Starting at the line that contains "Gran parte de" and stopping at the line that contains "что увидели на солнце картинки утверждала", restate each line of the records below exactly. Omit the pictures.
==== INPUT RECORDS
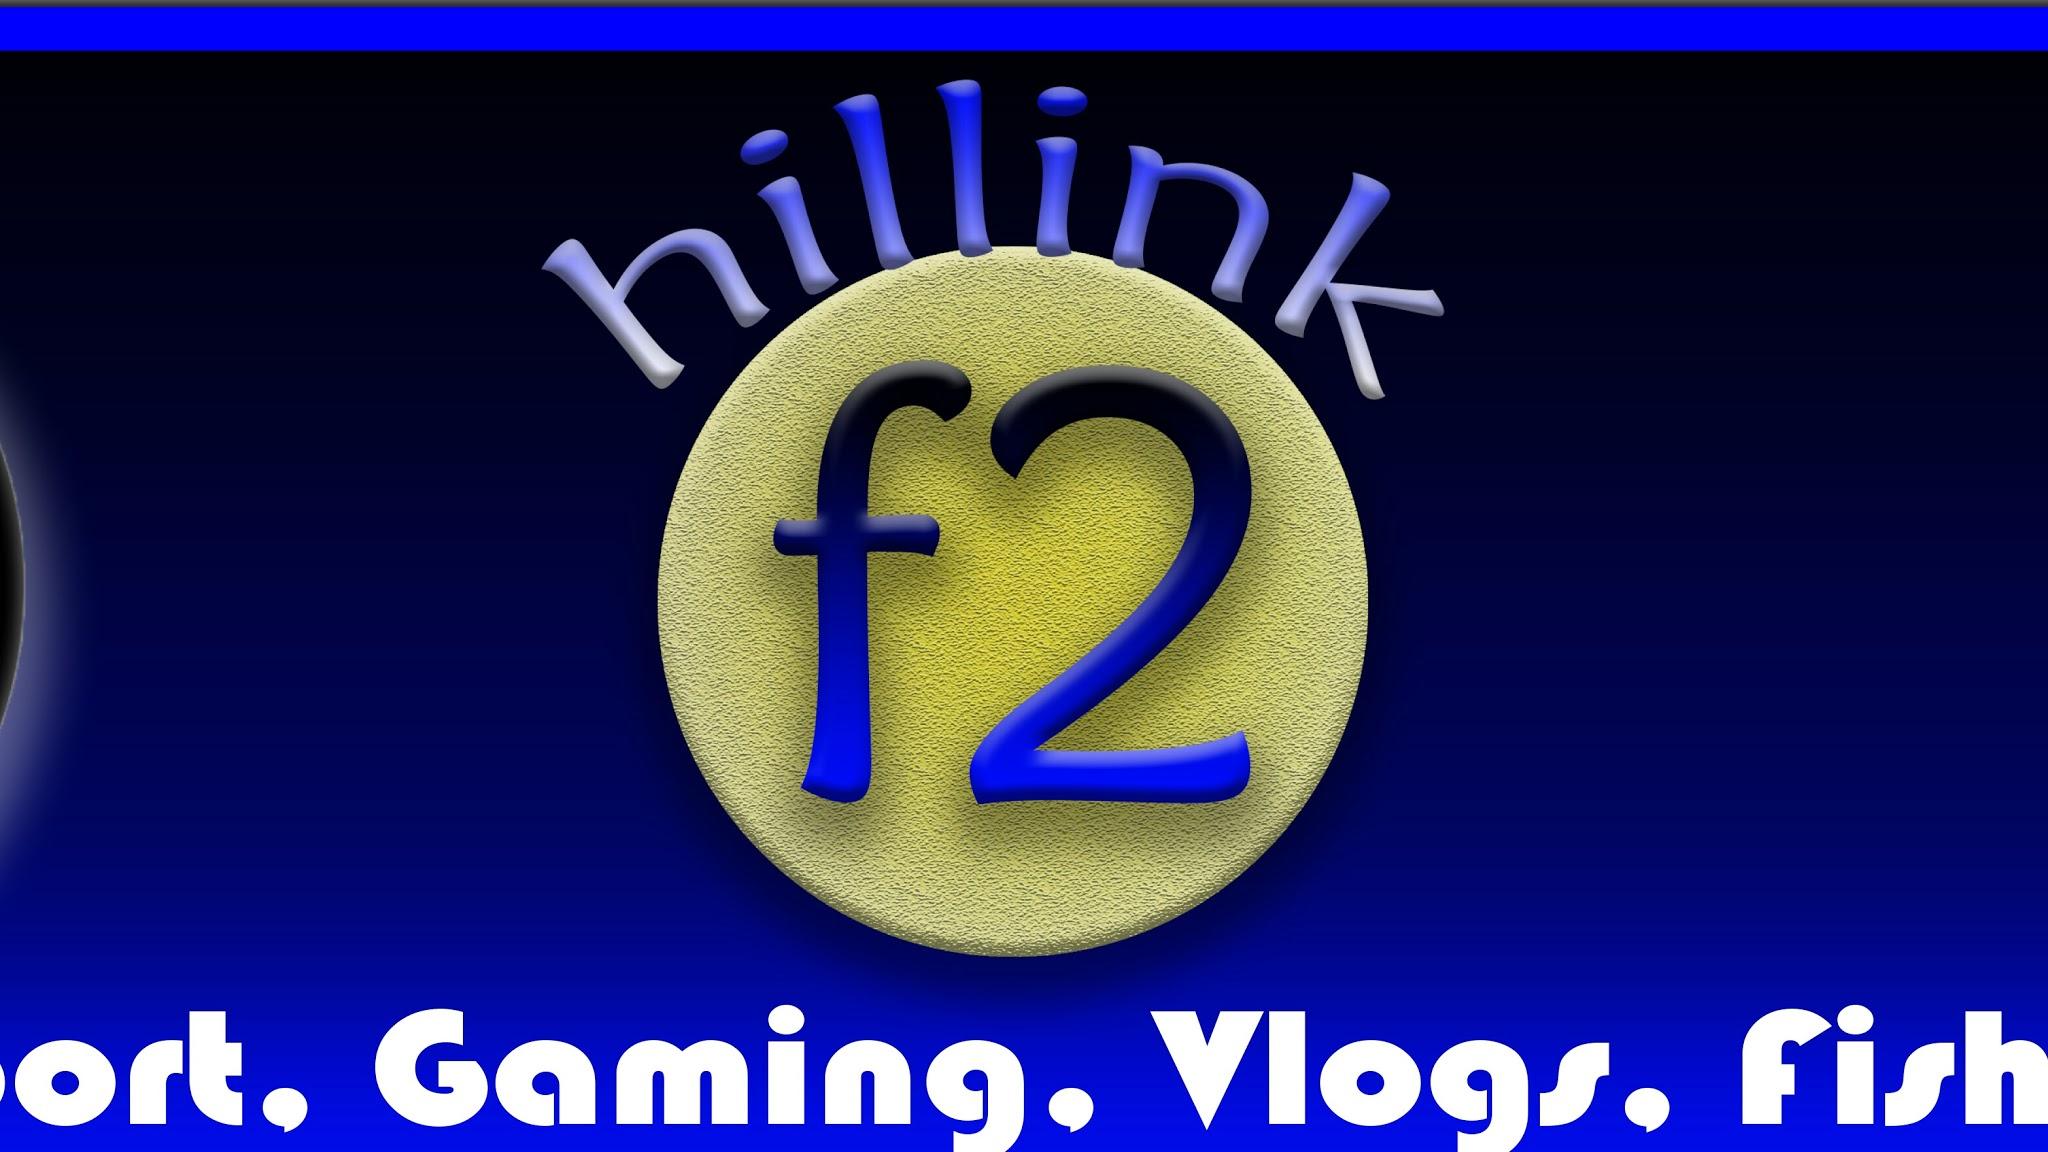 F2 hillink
========
==== INPUT RECORDS
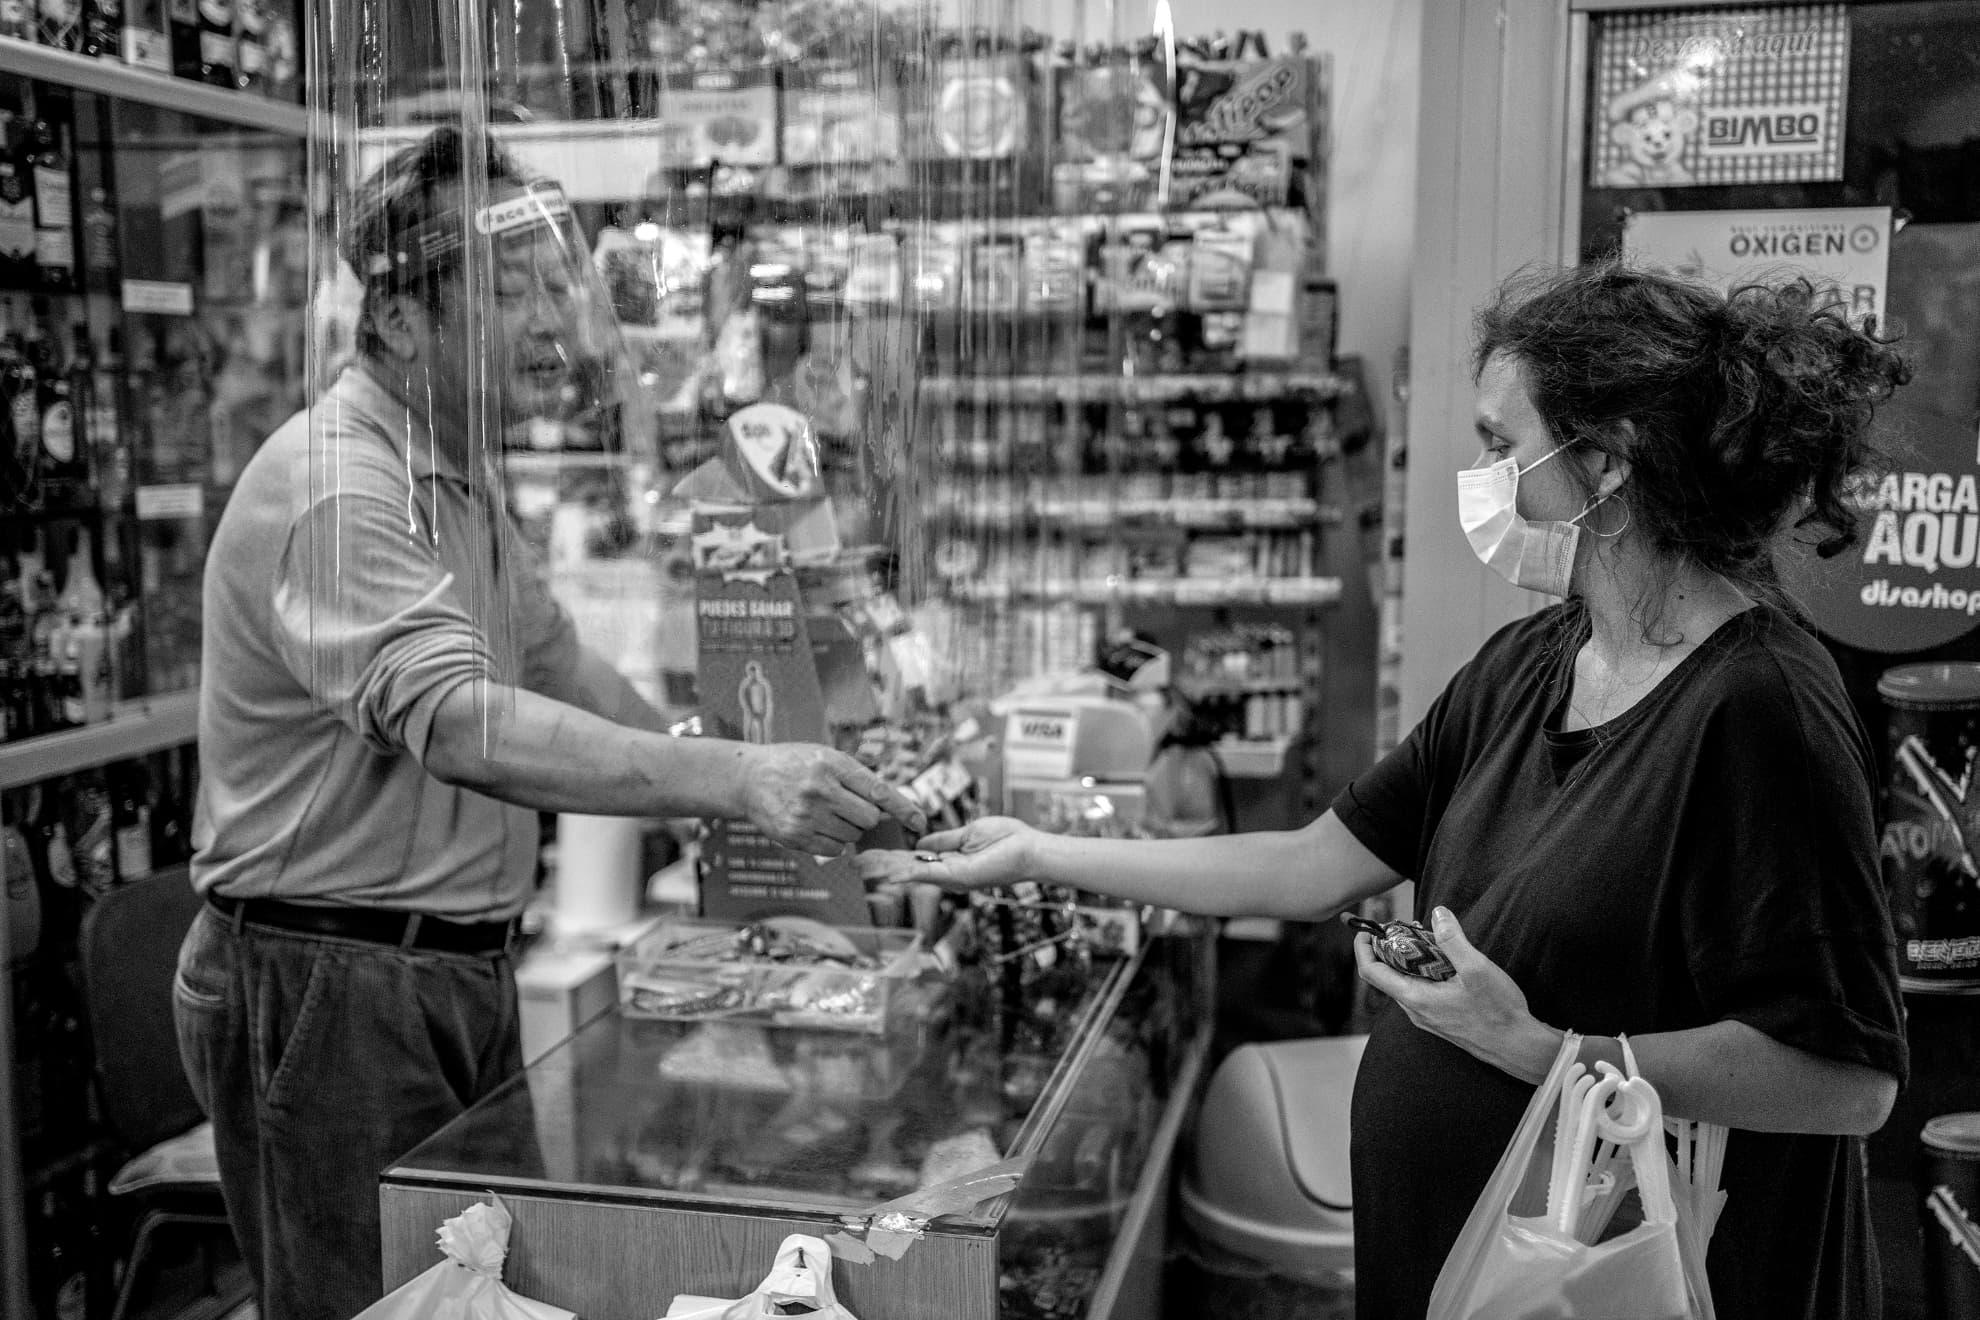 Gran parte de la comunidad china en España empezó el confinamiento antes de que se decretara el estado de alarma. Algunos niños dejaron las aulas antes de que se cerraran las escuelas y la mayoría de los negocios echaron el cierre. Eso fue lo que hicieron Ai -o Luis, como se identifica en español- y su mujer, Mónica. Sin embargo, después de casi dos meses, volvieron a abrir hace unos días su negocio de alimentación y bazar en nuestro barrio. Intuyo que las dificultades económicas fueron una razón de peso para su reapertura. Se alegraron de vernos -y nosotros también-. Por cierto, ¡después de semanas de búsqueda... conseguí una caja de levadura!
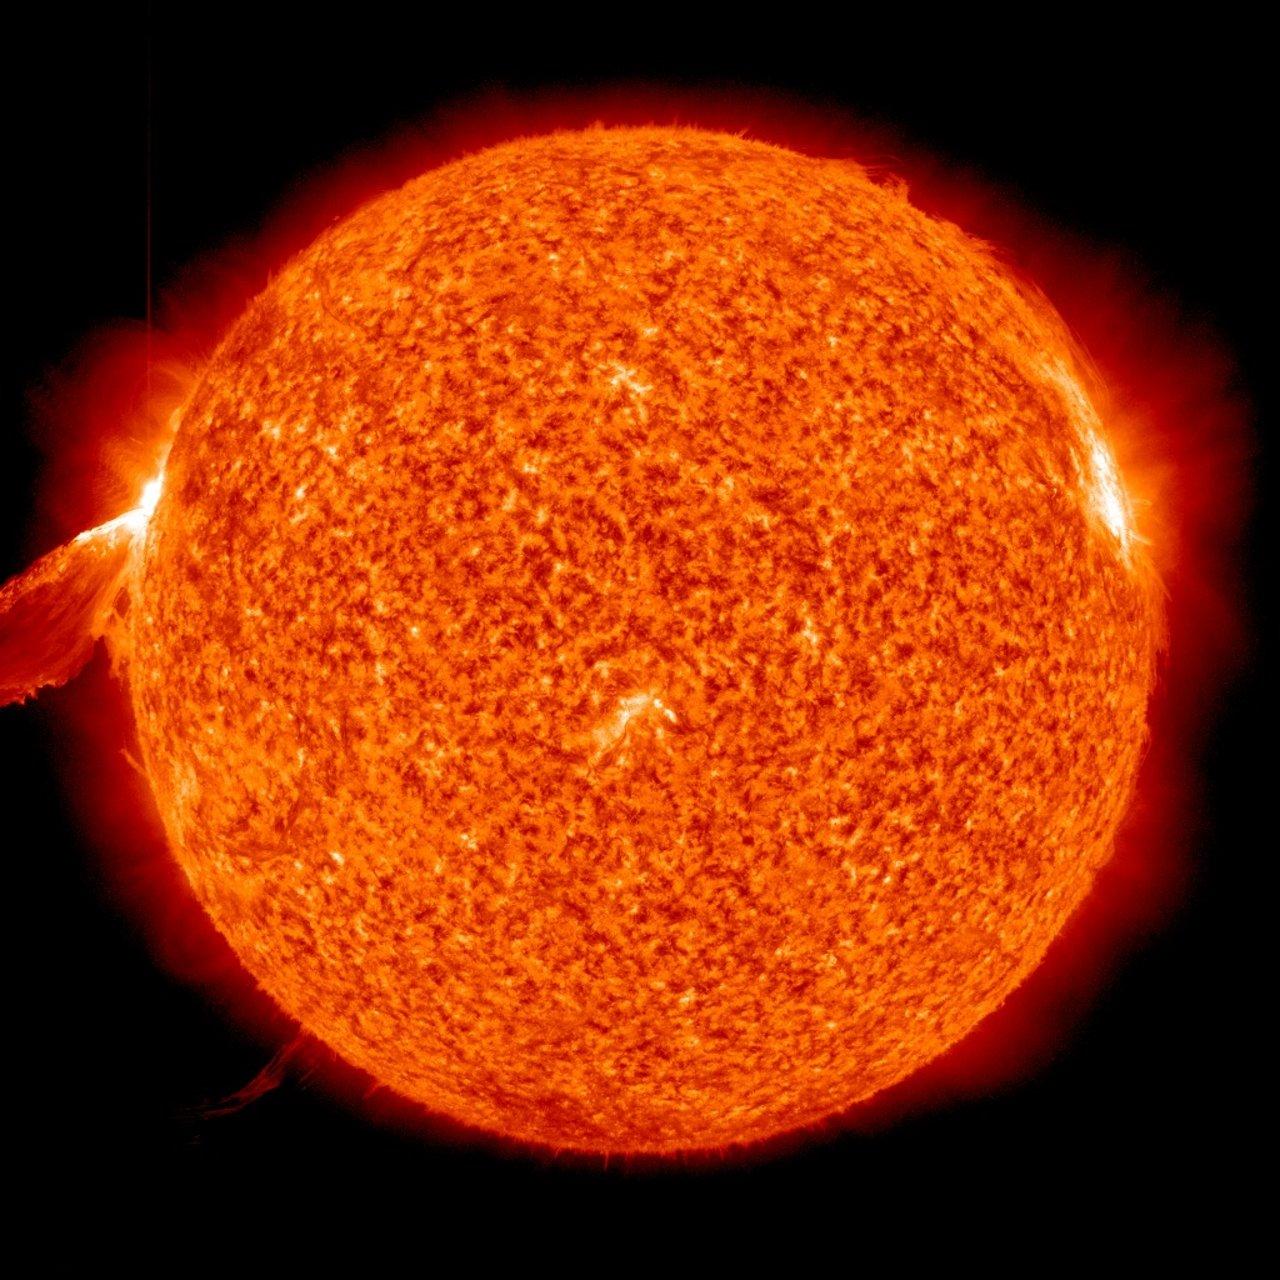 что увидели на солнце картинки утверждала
========
**THE ANSWER**
 Gran parte de la comunidad china en España empezó el confinamiento antes de que se decretara el estado de alarma. Algunos niños dejaron las aulas antes de que se cerraran las escuelas y la mayoría de los negocios echaron el cierre. Eso fue lo que hicieron Ai -o Luis, como se identifica en español- y su mujer, Mónica. Sin embargo, después de casi dos meses, volvieron a abrir hace unos días su negocio de alimentación y bazar en nuestro barrio. Intuyo que las dificultades económicas fueron una razón de peso para su reapertura. Se alegraron de vernos -y nosotros también-. Por cierto, ¡después de semanas de búsqueda... conseguí una caja de levadura!
 что увидели на солнце картинки утверждала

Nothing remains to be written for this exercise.